There have been many pay-for-performance (P4P) programs that have been implemented to attempt to improve quality and reduce cost. The vast majority of these programs have not been able to demonstrate large or even any improvement in quality or cost. Some researchers claim that these programs have not worked due to the size of the bonus, the specific metrics measured, a learning curve in P4P design and a host of other factors.
An interesting article in Health Economics—Sherry (2016)–claims that the the lack of success may be due to a fundamental flaw in P4P design.
…the intuition that P4P increases the output of a rewarded service is guaranteed only in the most simple (and unrealistic) cases of P4P plans where a single quality metric is rewarded. When more than one service is rewarded under P4P, the change in the level of each rewarded service is ambiguous due to multitasking between rewarded services. Multiple rewarded services are more likely to increase when unrewarded services earn lower marginal revenue. The change in unrewarded services is also generally ambiguous, even in settings of joint production. A given unrewarded service is more likely to decrease due to multitasking if other competing unrewarded services are more profitable; conversely, it is less likely to decrease if it is jointly produced with other rewarded services.

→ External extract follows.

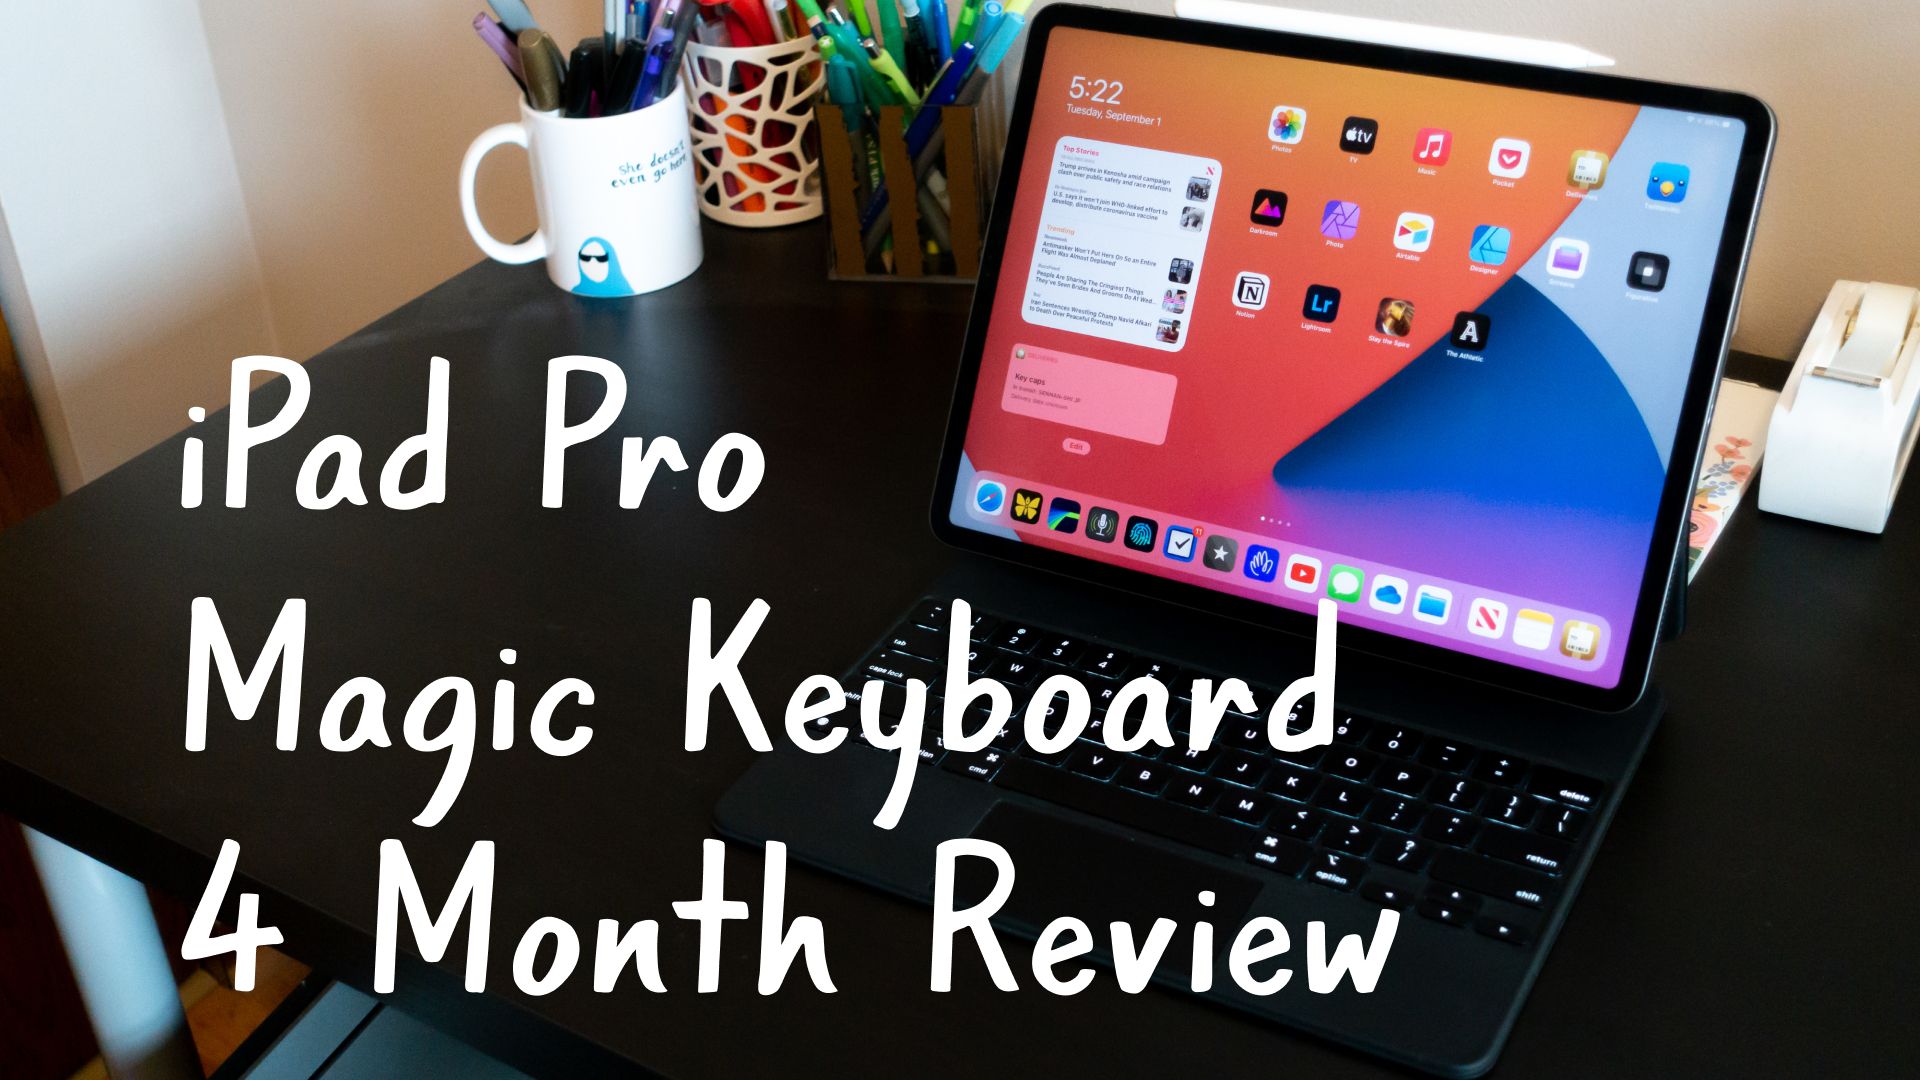 iPad Pro Magic Keyboard 4 Month Video Review

To give a simple example, consider the case where a patient should receive 3 types of preventive services but only service #1 and #2 are rewarded. In this case, it is unclear if they would increase the quantity of preventive services of #1 and #2. If service #1 and #2 are rewarded equally but service #2 takes less time to accomplish, physicians may increase provision of preventive service #2, but decrease provision of preventive service #1. Further, if physician time is limited, they may be less likely to provide preventive service #3 since since this services does not receive any reimbursement. On the other hand, if preventive service #2 and #3 typically occur together, then physicians could also perform more preventive service #3.
If this seems confusing, most P4P programs have tens or hundreds of measures and due to the joint production and multitasking interactions, the net effect on quality will be unclear.
Based on some comparative statics the authors conduct on a simple 3 service model, the authors make 3 recommendations for improving P4P programs.
- Rewarding fewer quality measures may be preferred. “Rewarding a smaller set of quality measures limits the scope of P4P programs, but may stimulate greater performance improvement if multitasking between rewarded services is mitigated.” Further, rewarding fewer services decreases the administrative complexity and cost of the program.
- Second, attention should be paid to unrewarded services as well. The point has been made previously in the multitasking literature, most notably by Holmstrom and Milgrom 1991 (summary post here).
- The interactions between the production of different types of health services should be considered when designing a P4P program. “When rewarding a single quality measure, selecting a measure that is jointly produced with other desirable health services and quality measures can contribute to broader quality improvements beyond the rewarded measure. Similarly, avoiding measures that induce higher amounts of multitasking can help avoid disruptions in care.”